The other culprit when it comes to casting shadows on our work areas is our own bodies – or more accurately, our shadows. So, be sure to position your kitchen task lighting to hit the back/center part of the countertop. That way, when you are leaning forwards over it (to wash, chop, mix or stir), your shadow is not cast over your counter space. With proper lighting placement, your shadow will rest just in front of your work, which allows the surface to be perfectly lit.

Wall lights (think sconces!) could be used where there aren’t wall cabinets or shelves. Again, avoiding shadows key, so remember the lights should not be directly behind you. Many designers recommend linear LED lighting below cabinets to cast light onto the counter below and help reduce shadows. 

THREE: Add Ambient Lighting

A room’s ambient lighting provides general background illumination, and is also a key component of a layered kitchen lighting schematic. Keep in mind how much natural light the room receives, but be sure the ambient lighting provides a comfortable and uniform level of light for the room at all hours, day or night.

Ambient lighting might come from different styles of ceiling designs such as recessed or surface lighting, pendants or chandeliers. Usually, a combination of several ceiling lights is recommended.

FOUR: Consider Accent Lighting

Accent lighting is the layer of lighting which takes a room from ordinary to truly something special. It adds visual interest, contributes to the overall atmosphere of the space, and can help highlight different features of the room. 

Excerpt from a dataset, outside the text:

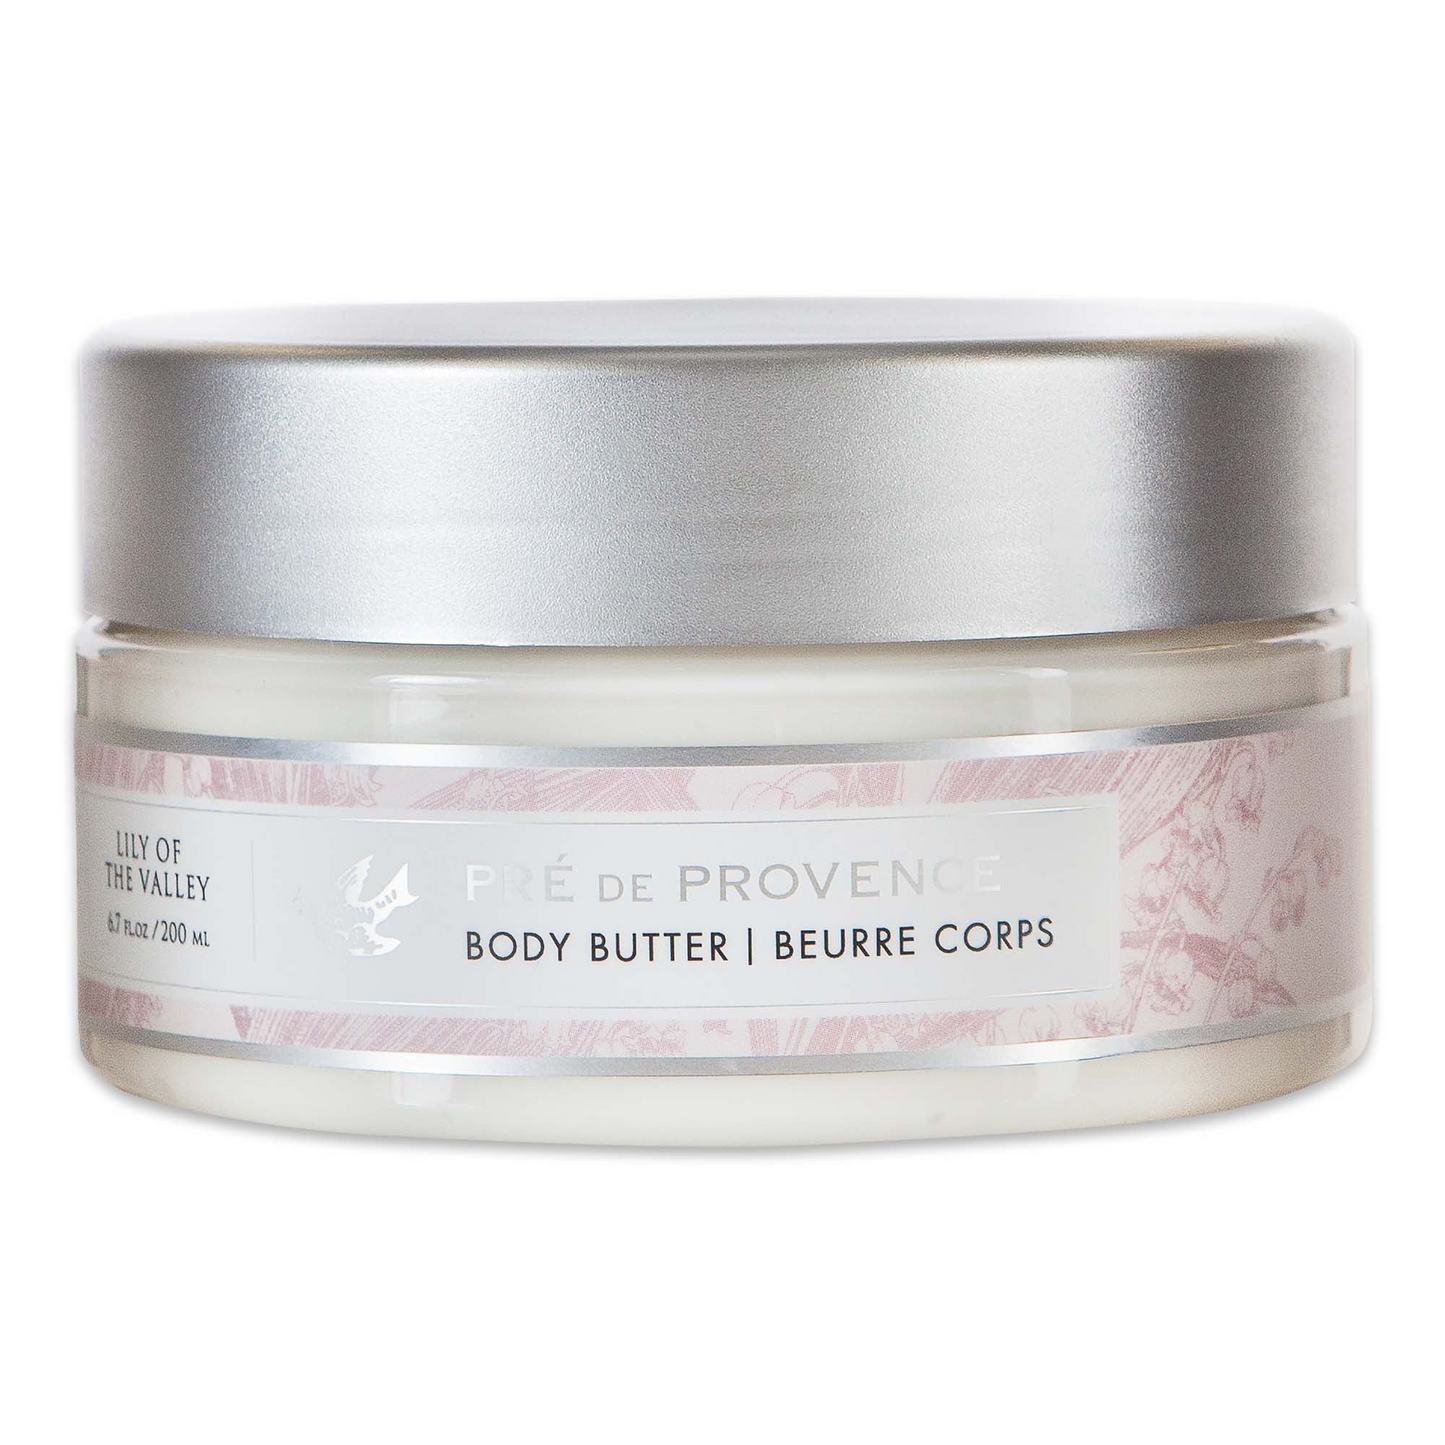 Primary Image of Body Butter - Lily of the Valley

For example, use accent lighting to create a warm glow with lighted cabinets, allowing glasses stacked on glass shelves to be illuminated. To shine a light on an architectural detail, position the light an inch or two from the back of a shelf to create a backlit effect.  Or use an ever-versatile pendant over spaces like breakfast bars or other seating areas. Hang them low to create more intimacy and atmosphere, and consider a dimmer for even more versatility in creating the just-right vibe. Under cabinet lighting is a great way to highlight beautiful tile backsplashes or vibrant, high-end surfaces.

FIVE: Focus on Flow

You’ll be choosing multiple fixtures to make up the task, ambient, and accent lighting for the space and they all need to work together in a cohesive manner. To optimize the effect of a layered lighting plan, the lights must be able to be operated individually. Having the choice to switch lights independently from each other makes it easy to change the atmosphere. For example, switching different fixtures on for cooking and prep, but changing up the combination of what’s on or off  to create a relaxing dining space. You may want yet another configuration for cleaning up. 

Being able to dim some of the lights is a fantastic (and very easy, if planned in advance!) way to change the atmosphere. Dim your main lights for a lovely glow, perfect for entertaining or after-dinner conversation. 

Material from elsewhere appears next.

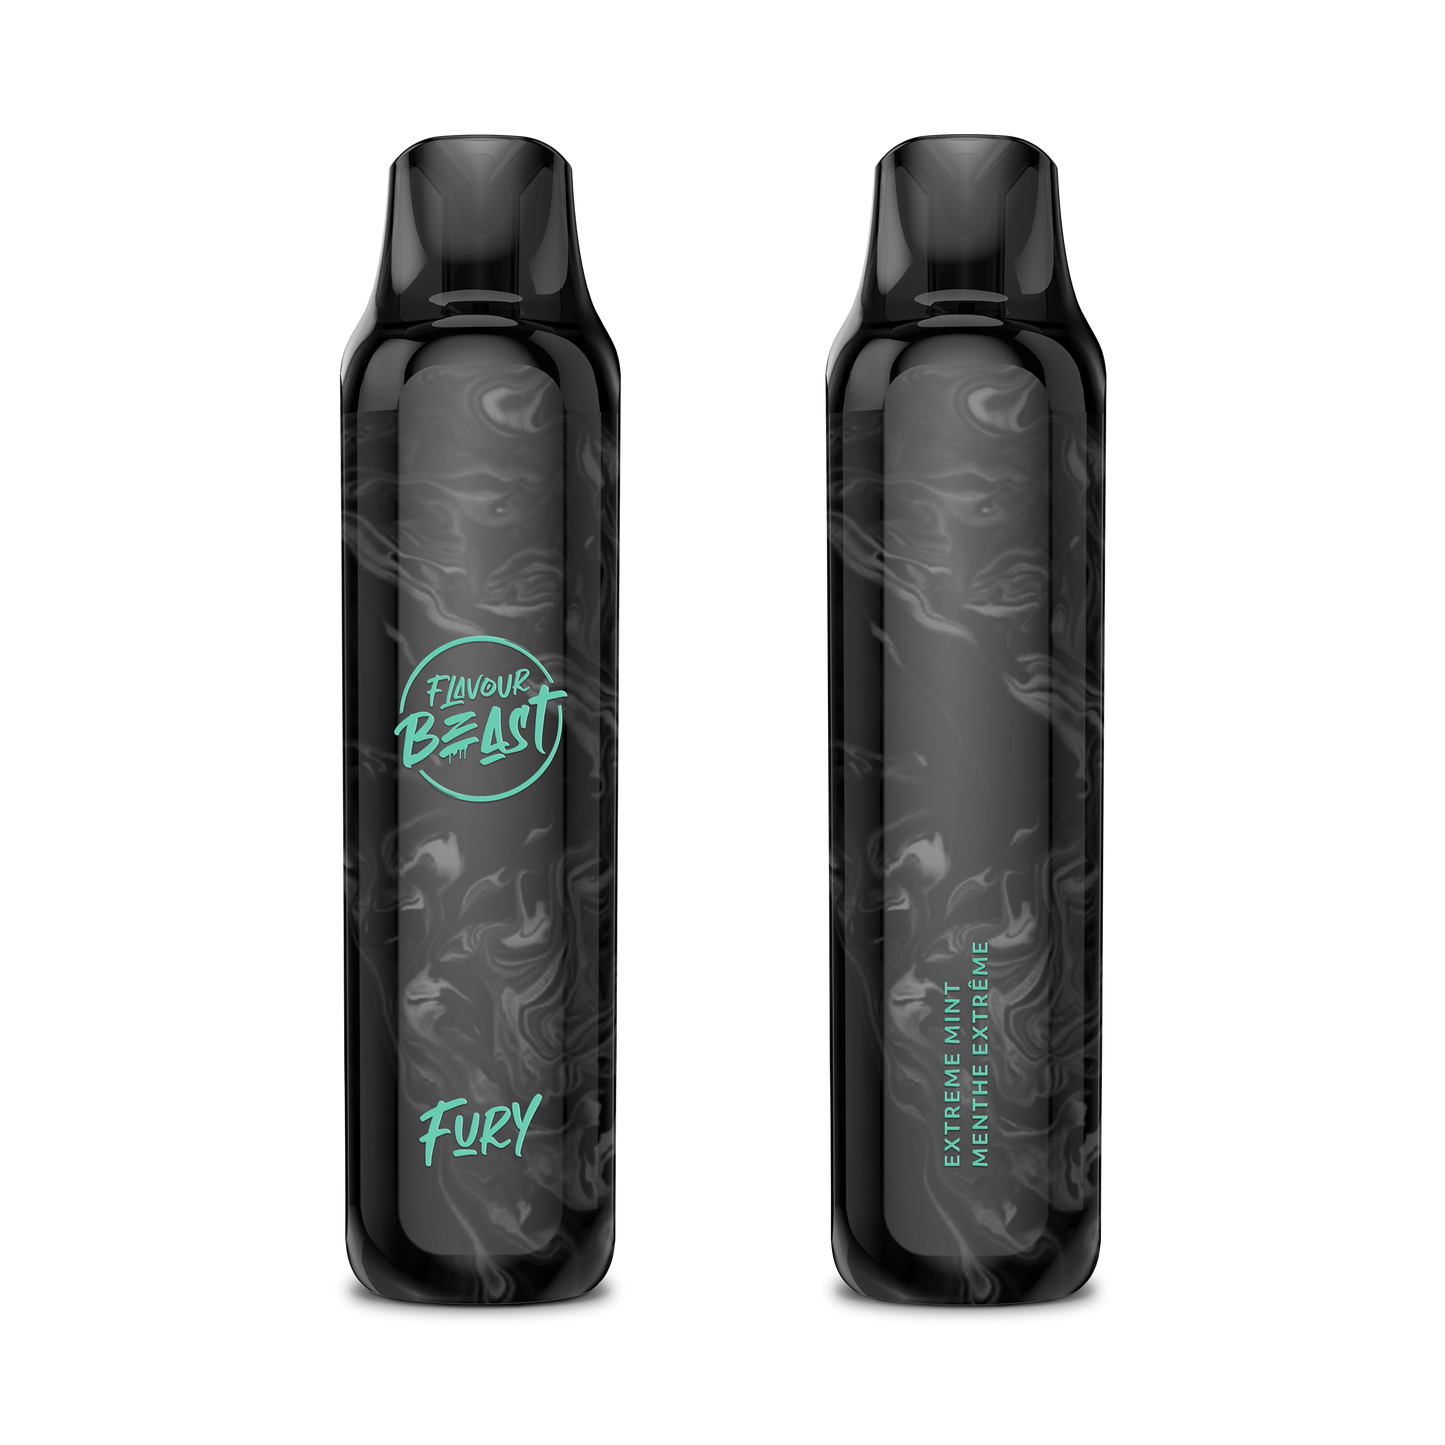 Fury - Extreme Mint Iced

And what about aesthetics? Aside from insightfully-planned illumination, your fixtures need to have a cohesive look. That doesn’t mean the need to be “matchy-matchy” – just keep the final effect in mind. If you prefer a more eclectic mix in your decor, ensure the tones of the finishes match. For example, you might select a warm aged brass finish to a more bronze. For cooler tones, maybe nickel to aged zinc finishes would work well for you. Or if your main fixture is matte black with gold accents, perhaps other black and that same gold tone would complement it nicely.


If symmetry and cohesion are more your style, use the same finish for your fixtures. Many manufacturers even offer collections which work beautifully together. You can also incorporate those finishes into sockets, faucets, appliance finishes and cabinet hardware for a beautifully aligned aesthetic. 

Closing Thoughts

Whatever your style, a well-planned and thoughtfully-designed lighting schematic will make your kitchen optimally functional as well as beautiful for all of the space’s uses. Utilize the expertise of industry professionals as you plan and make your selections. They’re happy to help and will ensure your new space is adequately illuminated while keeping your vision, budget and unique personal flair in mind.